Voy a contaros el caso de la pizzería de mi barrio. La montaron hace 7 u 8 años una pareja con mucha ilusión y poquito dinero. Tras unos pocos años, todo les iba muy bien en medio de la bonanza económica y recuerdo que él siempre me decía “estoy muy contento. Hemos crecido mucho en personal y siempre estoy a tope. Tendría que quedarme otro local para seguir creciendo”.
Sin embargo, cuando llegó la crisis, todo cambió de repente. Los clientes dejaron de ir y recuerdo que me decía “no hay manera de llenar. Nos ha caído el negocio un 30%”. A pesar de los fríos números, él era optimista “esto no puede durar mucho. Aunque estamos perdiendo dinero, aguantaremos y al final todo saldrá bien como en otras ocasiones”.
Tras unos meses con pérdidas, hace aproximadamente un año me decía “he pedido una hipoteca para poder seguir aguantando porque las pérdidas están consumiendo todos mis ahorros. Pero parece que ya hay brotes verdes con lo que tengo esperanzas”.
Con este planteamiento, no hicieron grandes cambios y seguían aguantando esperando que la situación cambiase. La semana pasada cuando llamé para reservar nadie cogía el teléfono. Le pregunté a otro amigo que también solía ir a la pizzería y me dijo: ¡Han cerrado!

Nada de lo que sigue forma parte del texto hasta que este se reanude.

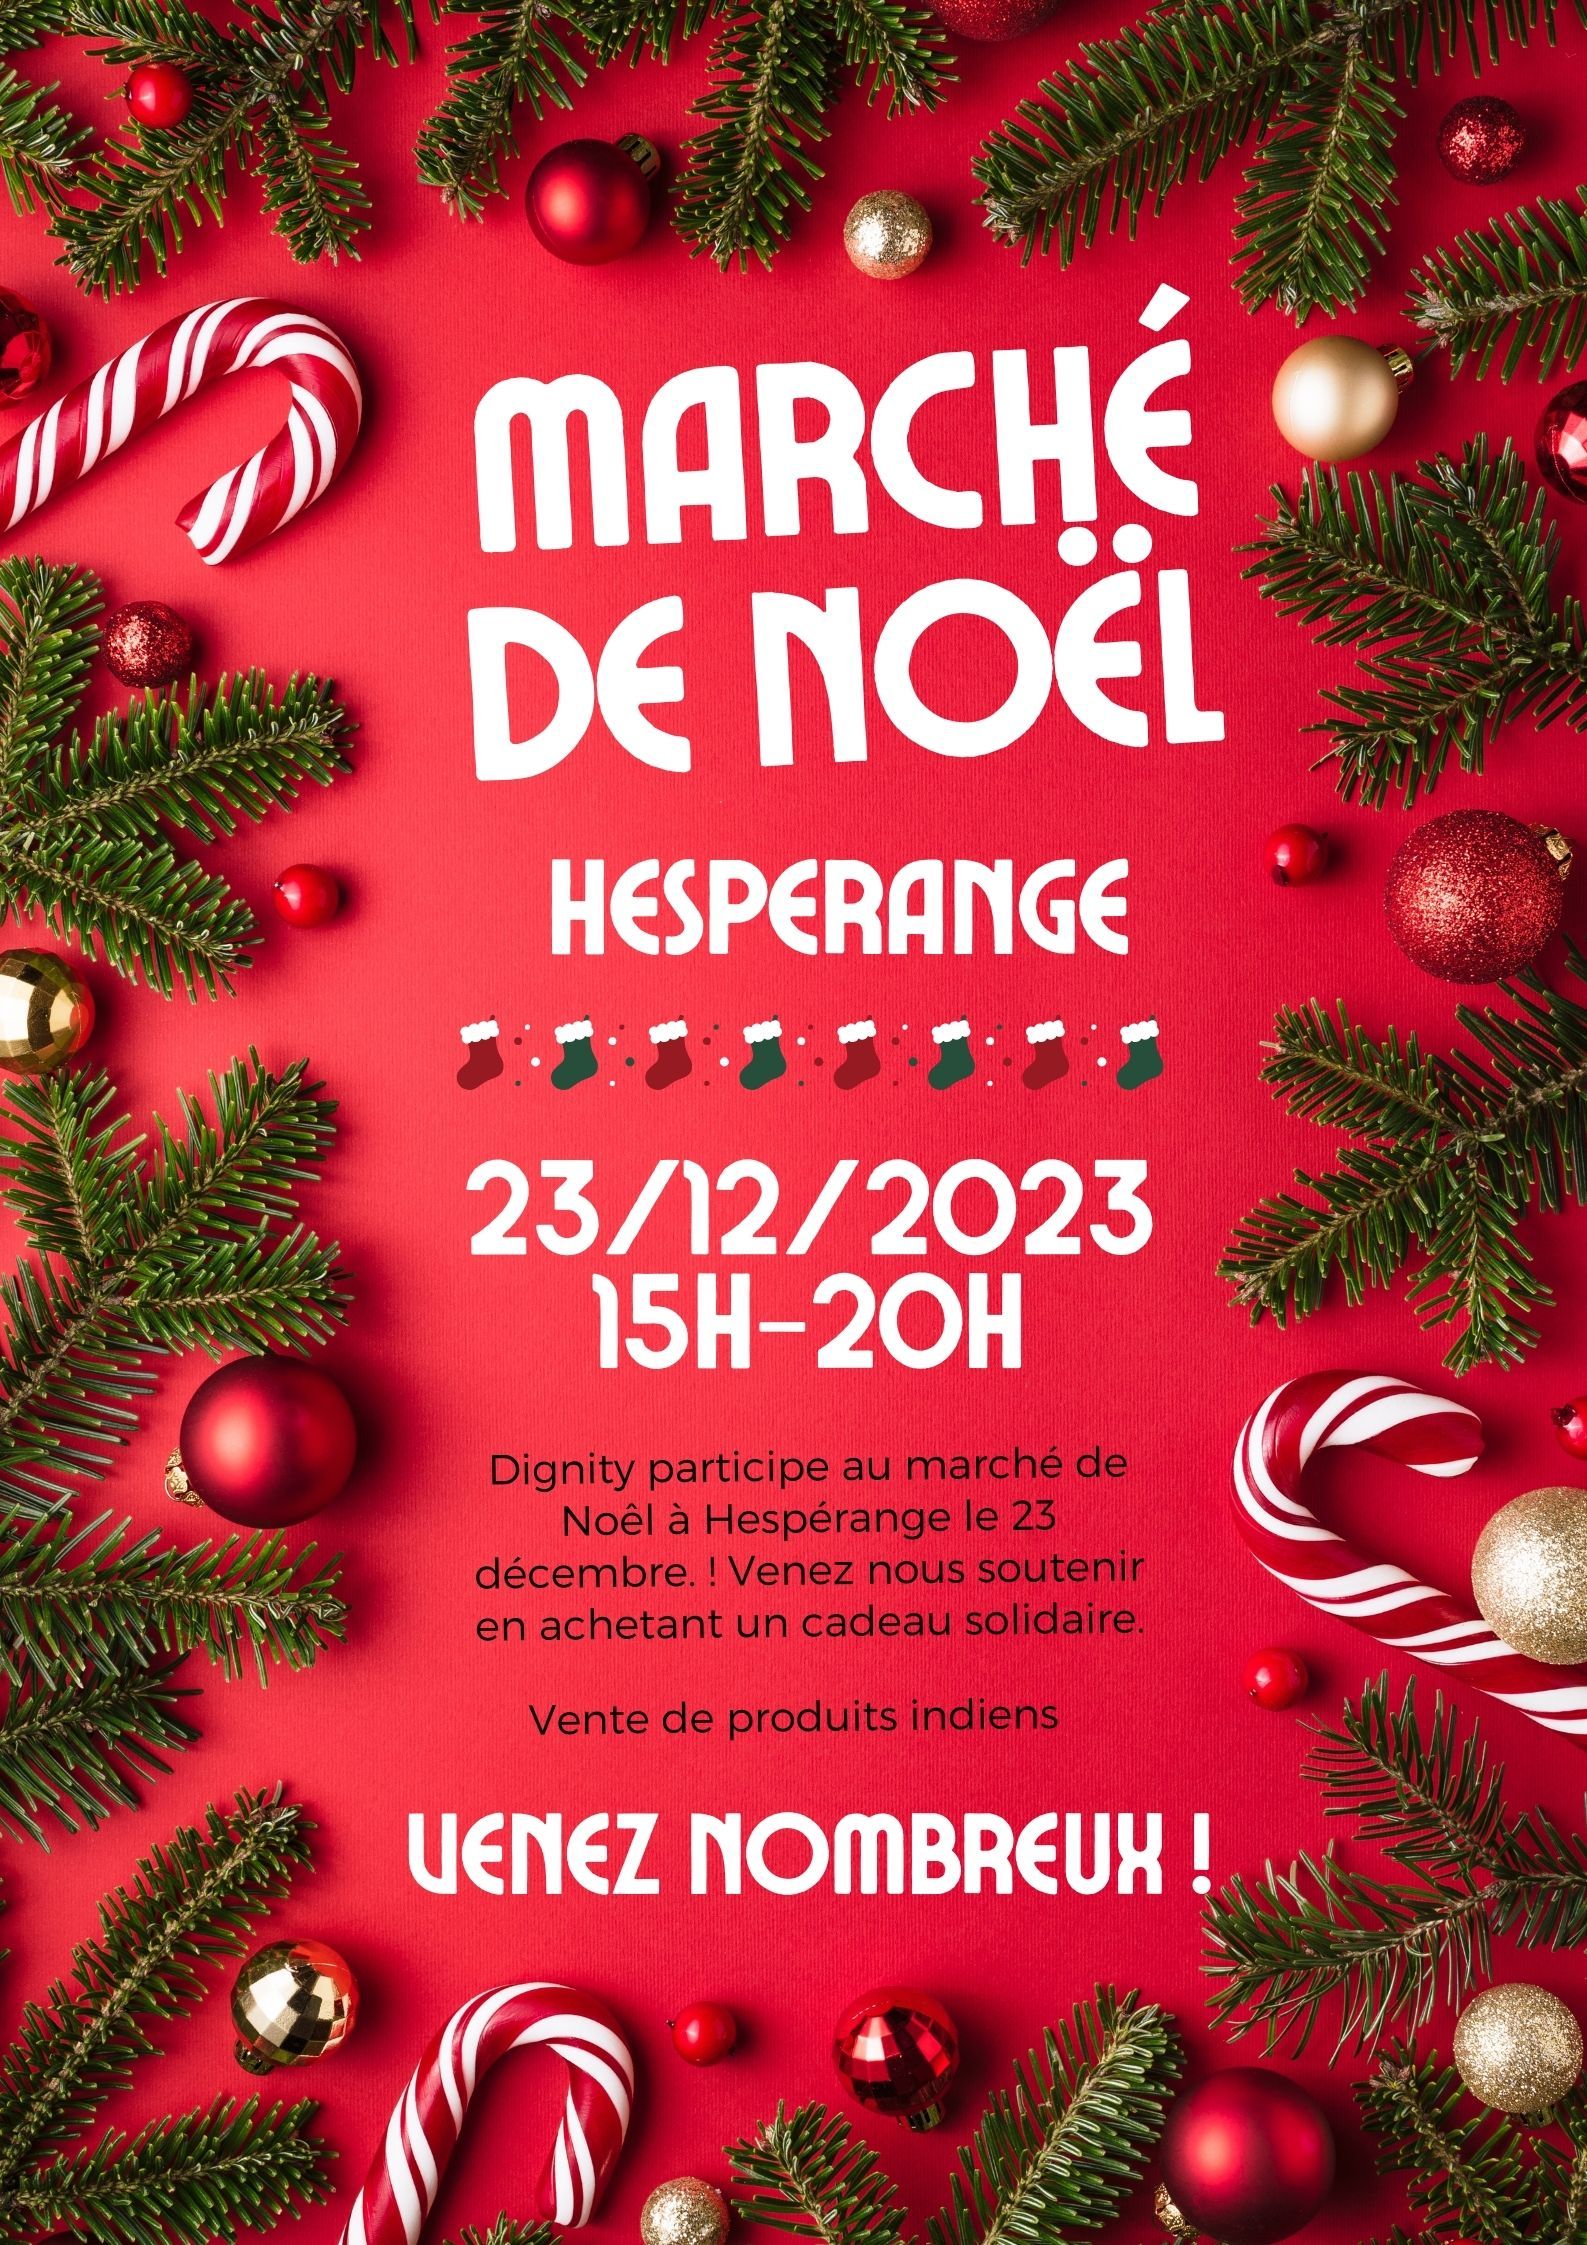 Samedi 23 décembre 2023 - Dignity participe au marché de Noël d’Hesperange.🎄🎄
Venez nous voir à notre stand !

Esta situación que a nivel empresarial es muy habitual, es interesante para reflexionar sobre cuales son las similitudes y diferencias entre lo que le ha pasado a la pizzería y lo que está sucediendo en España.
Si comparamos ambos casos, cuando ha llegado la crisis en España se ha visto la falta de solidez del modelo económico que había permitido crecer los últimos años. El modelo de España funcionaba en otro contexto pero ya no es viable en el entorno actual.
En esta situación de crisis, el Gobierno no ha tomado grandes decisiones. No se ha querido afrontar el problema. Al principio porque no se quería reconocer la crisis y después porque ya se veían los brotes verdes. Al igual que la pizzería, lo que se está haciendo es crecer el déficit e incrementar la deuda hasta unos extremos totalmente insostenibles. Afortunadamente, la mayoría de empresas privadas si que han tomado medidas.
Aunque a priori parecía que no tenían nada que ver España y la pizzería, considero que el paralelismo es casi perfecto. Sin embargo, quiero ser más optimista con España y espero que al final haya un cambio de rumbo y no acabemos como la pizzería.




¡Que no tengamos que liquidar España, pues!
Nos ha faltado… ¿como era aquello que comentabas sobre las 3 C’s?. Sólo que en el caso de un país, es un poco más complicado, de no ser porque podrían haberse gestionado mejor los Costes (y no sólo en tiempos de crisis, porque esto es un problema estructural de nuestra democracia), y porque no se ha prestado atención al CRM-Ciudadano (sí, todos somos clientes). La caja… mejor te lo dejo a tí para el siguiente post. ; )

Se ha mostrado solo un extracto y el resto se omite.